Biosynthesis vs. dietary uptake
As an essential amino acid, tryptophan cannot be synthesized within the body. It’s obtained from dietary sources including dairy products, meat and seeds. Some say the tryptophan in turkey triggers the melatonin production that causes people to feel sleepy after a big Christmas or Thanksgiving dinner. In reality, there’s no more tryptophan in turkey than in other meats.
The recommended daily allowance for most adults is around 250–425mg per day, and most people easily exceed this (Richard et al. 2009). Relatively low amounts of tryptophan are stored in tissues, but this isn’t an issue given the amount typically consumed.
Tryptophan, the microbiome, and host metabolism
Catabolism of tryptophan occurs primarily in the gut, triggering the indole, kynurenine and serotonin pathways (Taleb, 2019).
Most tryptophan is transformed in the indole pathway. Intestinal bacteria express the enzyme tryptophanase, leading to the production of indole in the gut. This is metabolized into 3-indolepropionic acid (IPA) which binds to the pregnane X receptor (PXR) in intestinal cells. IPA is absorbed in the intestine and distributed to the brain, where it is associated with neuroprotective properties. Indole can also be metabolized into indole-3-aldehyde (I3A) which triggers immunoprotective effects in the intestine. In the liver, indole may be metabolized into indoxyl sulfate, which can be toxic in high concentrations.
As the rarest of three aromatic amino acids, tryptophan is the only amino acid with a non-polar indole ring. This is used for signaling and helps it to anchor membrane proteins within the cell membrane. Indole is a precursor of metabolites that, as noted, can have both positive and negative effects on the host organism.

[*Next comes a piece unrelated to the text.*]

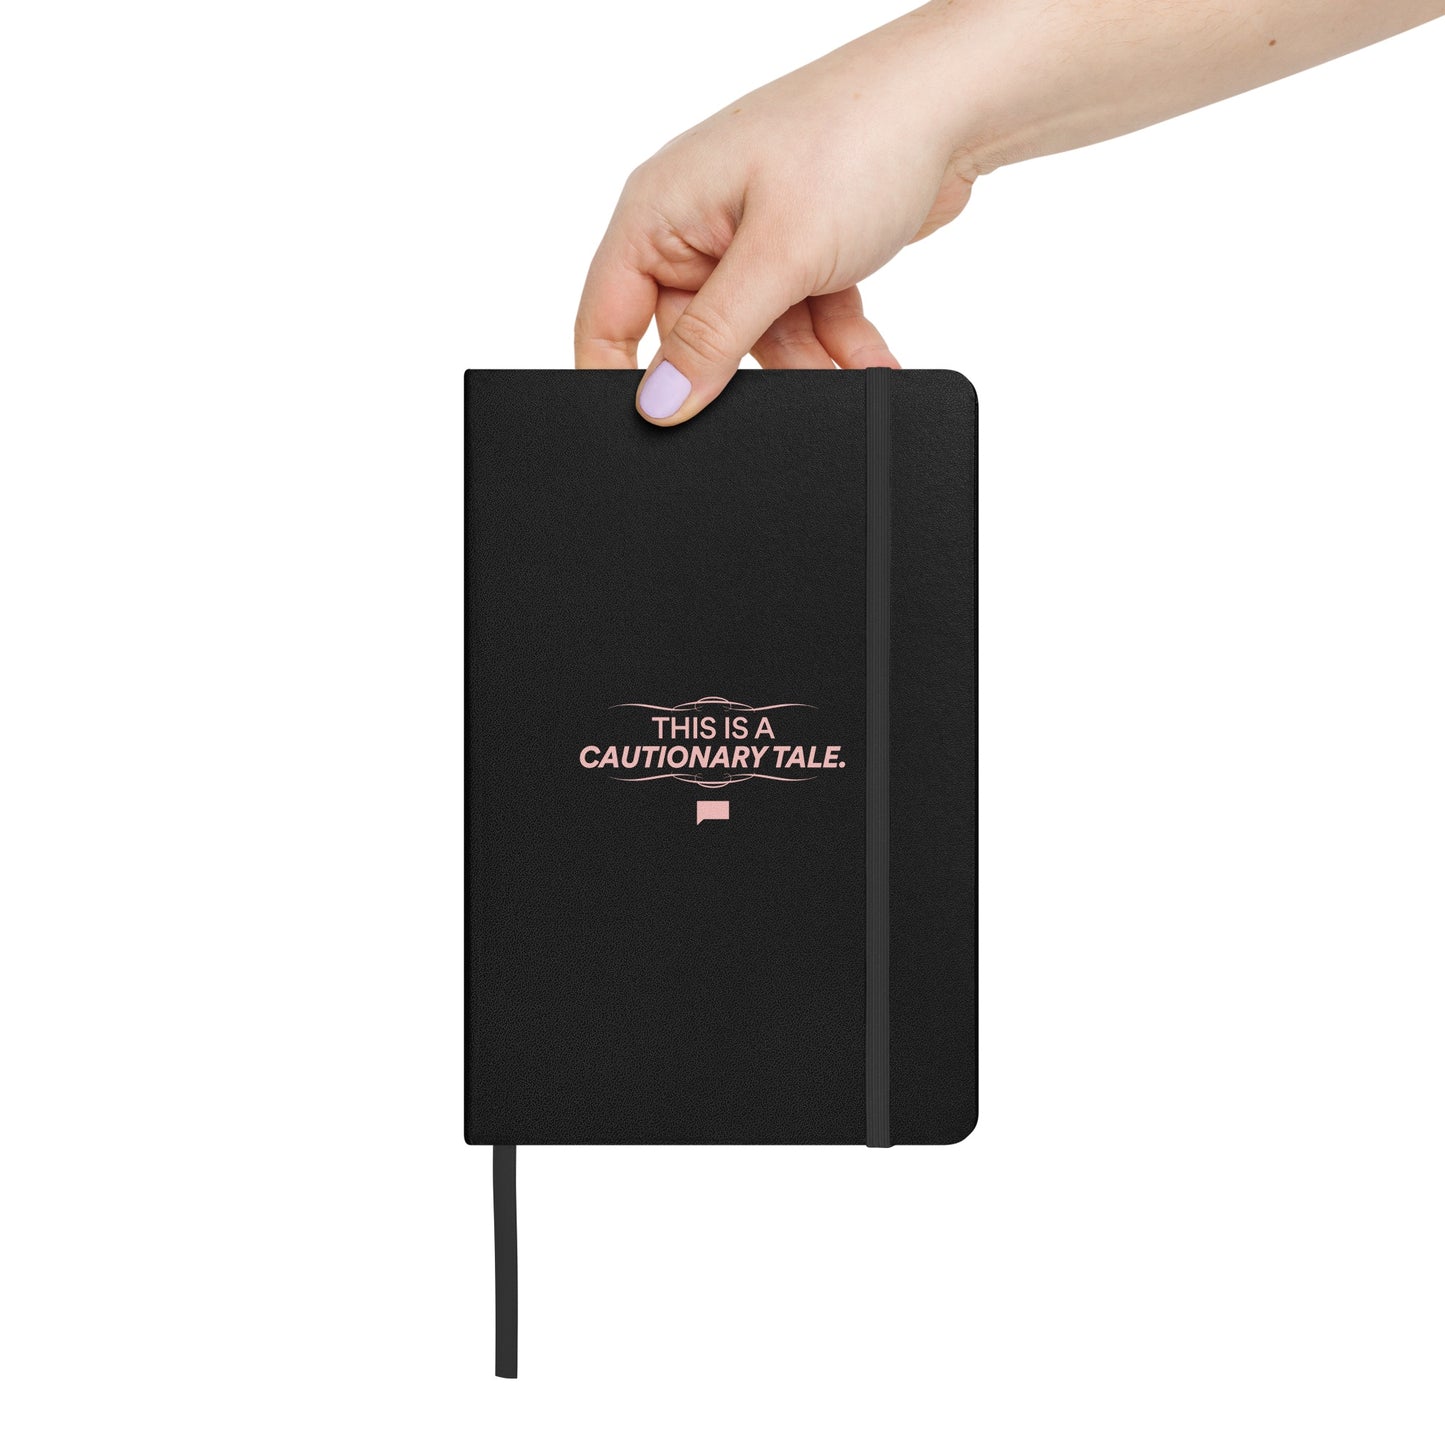 Southern Charm This is a Cautionary Tale Notebook

The majority of remaining dietary tryptophan is metabolized in the kynurenine pathway. In the immune system and brain this occurs via indoleamine 2,3-dioxygenase (IDO). In the liver, kynurenine is synthesized from tryptophan via tryptophan 2,3-dioxygenase (TDO). The kynurenine pathway is a common target for therapeutic study of several neurological, psychological, inflammatory and immune disorders. This pathway also triggers synthesis of niacin (vitamin B3).

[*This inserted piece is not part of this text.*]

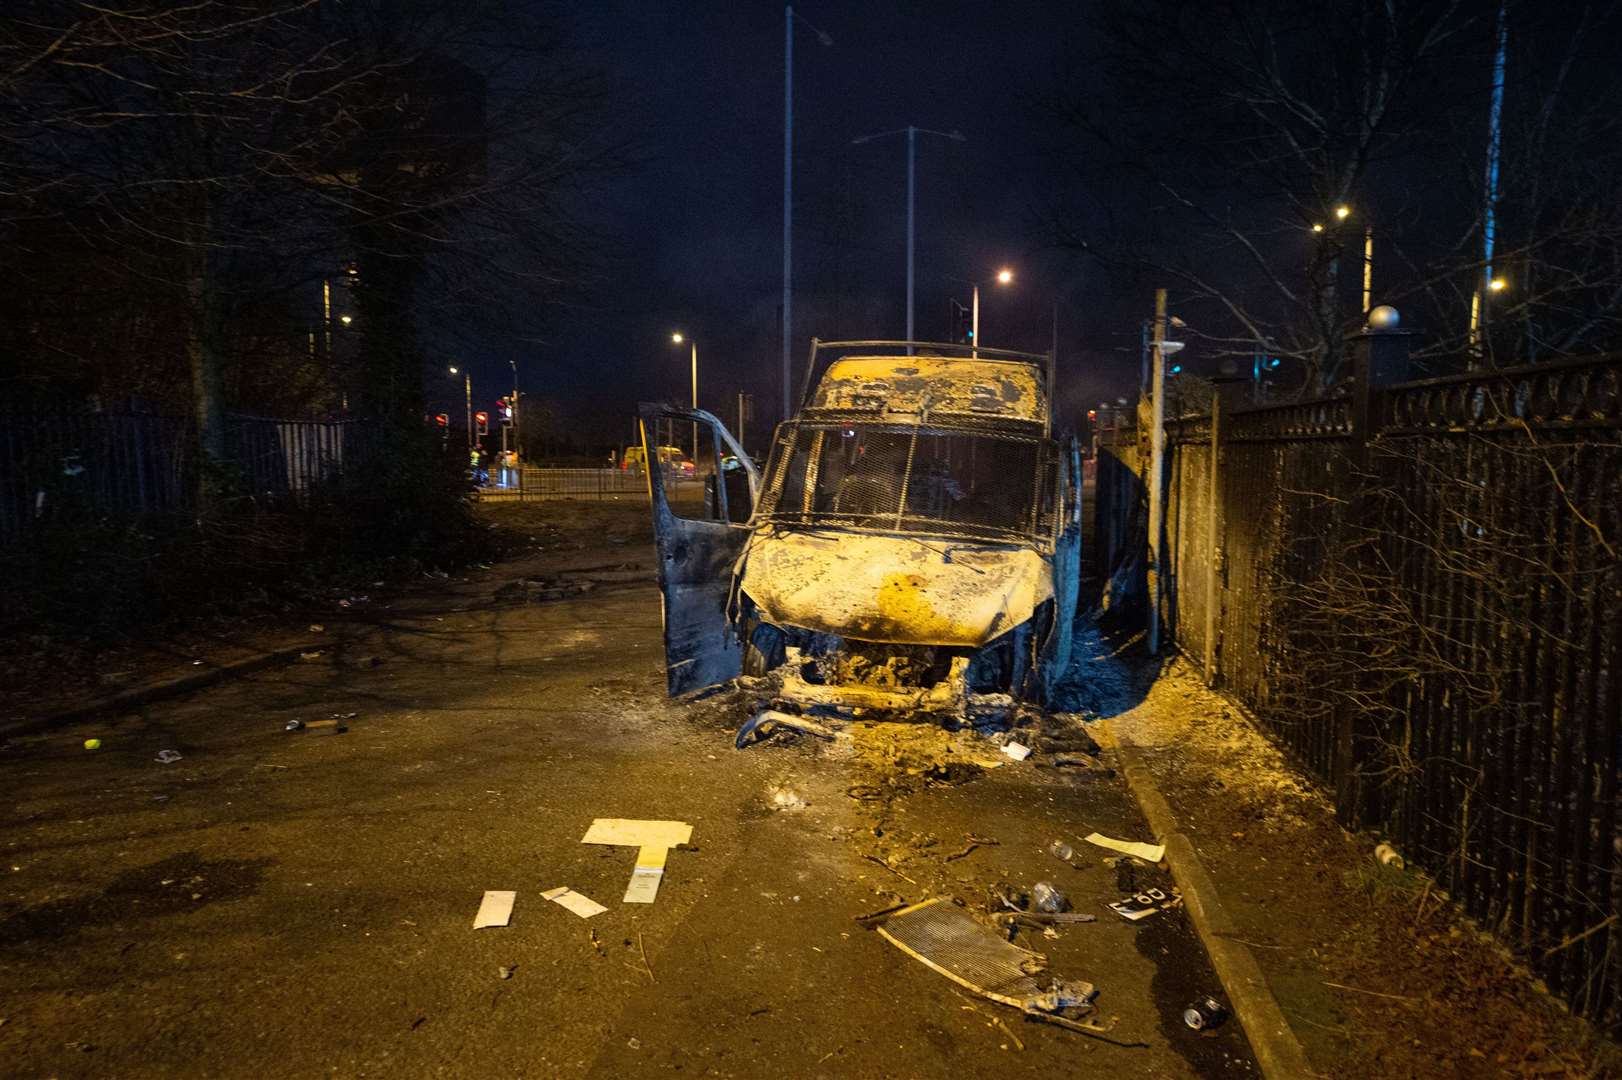 The burnt out police van after the demonstration outside the Suites Hotel in Knowsley, Merseyside (Peter Powell/PA)

A small amount of dietary tryptophan is metabolized by tryptophan hydroxylase in the serotonin pathway. Around 95% of the serotonin is found in the gastrointestinal tract (GIT), with a small concentration in the brain (Richard et al. 2009). In the GIT, serotonin acts as an enterosyne, signaling to the enteric nervous system (ENS) and contributing to the gut-brain axis. In the brain, besides its role as a neurotransmitter, serotonin is a precursor of melatonin in the pineal gland.
Tryptophan and inflammation
As a precursor to kynurenine, tryptophan plays a large role in regulating the immune system. Kynurenine and its metabolites are of increasing interest to the study of autoimmune and immune-mediated diseases, such as multiple sclerosis and rheumatoid arthritis.

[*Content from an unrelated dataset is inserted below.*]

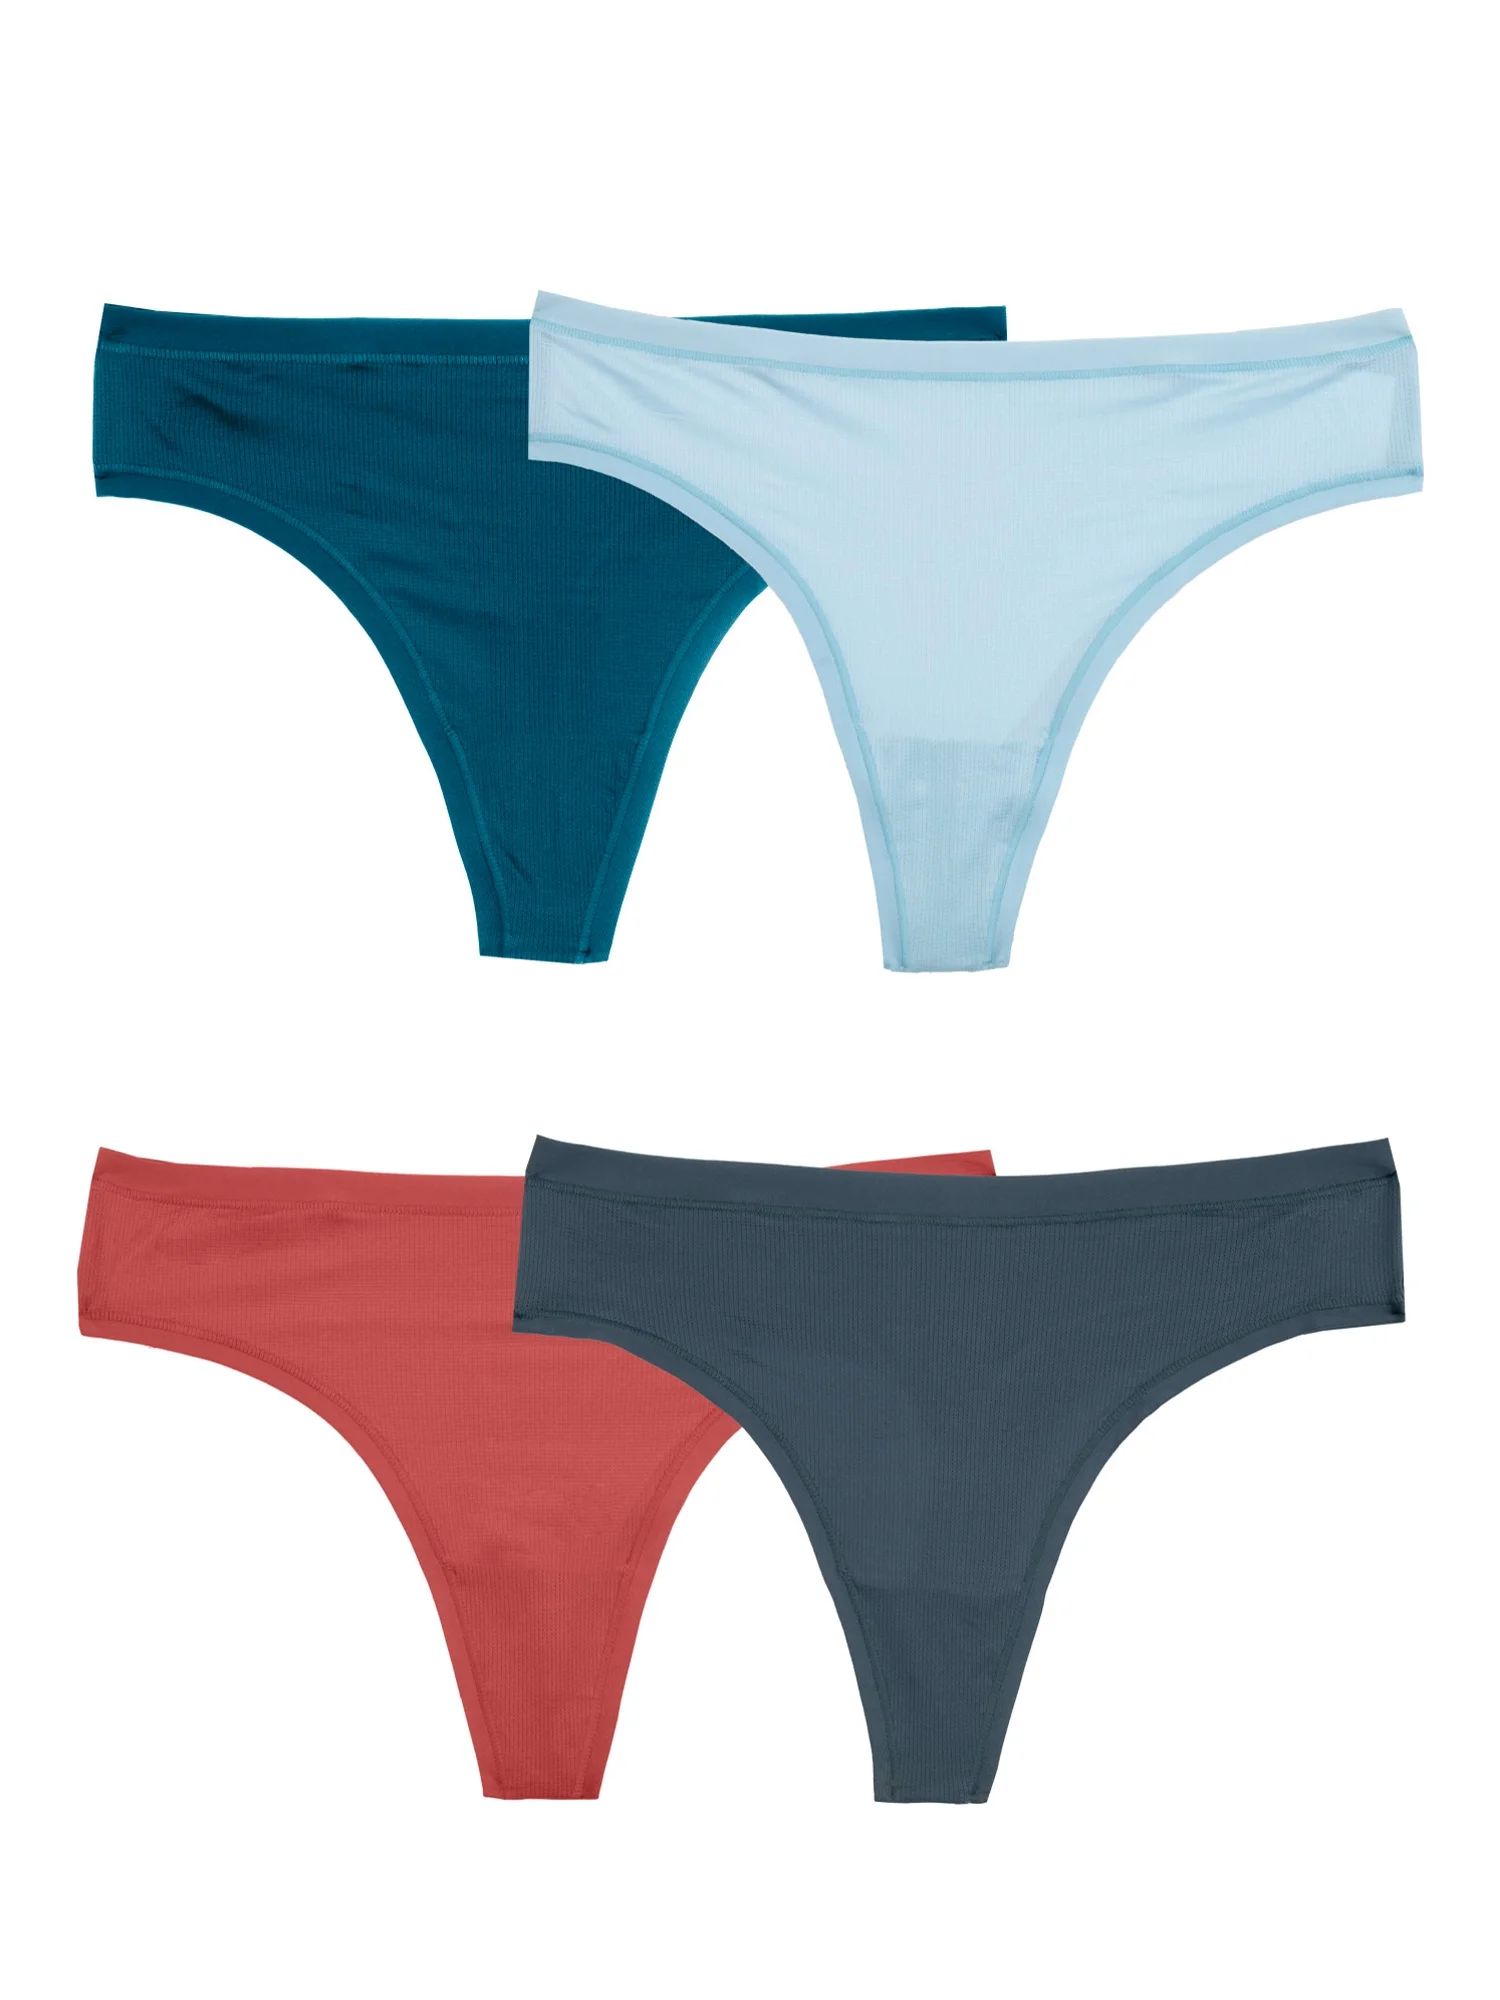 Fruit of the Loom Women's Getaway Collection, Cooling Mesh Thong Underwear, 4 Pack | Walmart (US)

Metabolomic analysis in both animal and human subjects showed that the kynurenine-tryptophan ratio correlated with levels of inflammatory cytokines that could induce IDO activation (Westbrook et al. 2020). The study suggests that tryptophan metabolism and kynurenine metabolite activity are the molecular mechanism that connects chronic inflammation with frailty and other signs of ageing.
Metabolomics has been used to investigate the role of tryptophan metabolites in gut dysbiosis, which increases susceptibility to liver inflammation (Krishnan et al. 2018).
Tryptophan metabolism has also been identified as a primary pathway affected by COVID-19 infection, using targeted and untargeted metabolomics data (Thomas et al. 2020).
A review of the health benefits of dietary tryptophan and its metabolites found potential therapeutic effects for cardiovascular disease, chronic kidney disease, inflammatory bower disease, multiple sclerosis, microbial infections, mood and cognitive function (Friedman 2018).
While tryptophan supplementation is not recommended for the general population, these studies suggest potential use as a treatment for specific conditions.
Tryptophan, serotonin and the gut-brain axis
On a recent episode of The Metabolomist podcast, Dr Jennifer Kirwan, Head of Metabolomics at the Berlin Institute of Health, shared why tryptophan is her favorite metabolite:
“Tryptophan acts as a direct link between nutrition, the gut microbiome and human health. We’re only just beginning to understand all the roles that tryptophan and its metabolites have in the body… Although we think of serotonin as a neurotransmitter, it actually has a fairly important effect on gut motility. There’s increasing interest in how the gut and brain talk to each other. We don’t yet know the full role of tryptophan and its metabolites in this gut-brain axis, and how it’s impacting our health.”
Serotonin was long thought to be important only in the brain, but as noted by Kirwan, it plays a role throughout the body. It’s a key neurotransmitter at both ends of the gut-brain axis – the central nervous system and the gastrointestinal tract (O’Mahony et al. 2015).
Serotonin is sometimes referred to as the “happy hormone,” as low levels can result in low mood, poor sleep and depression. Research has shown that therapeutic targeting of gut microbiota may improve gut-brain axis disorders (Carpenter 2012). Gut microbiota appear to influence serotonergic signaling in the central nervous system, and alterations in the gut microbiome appear to overlap with changes in serotonergic signaling (O’Mahony et al. 2015).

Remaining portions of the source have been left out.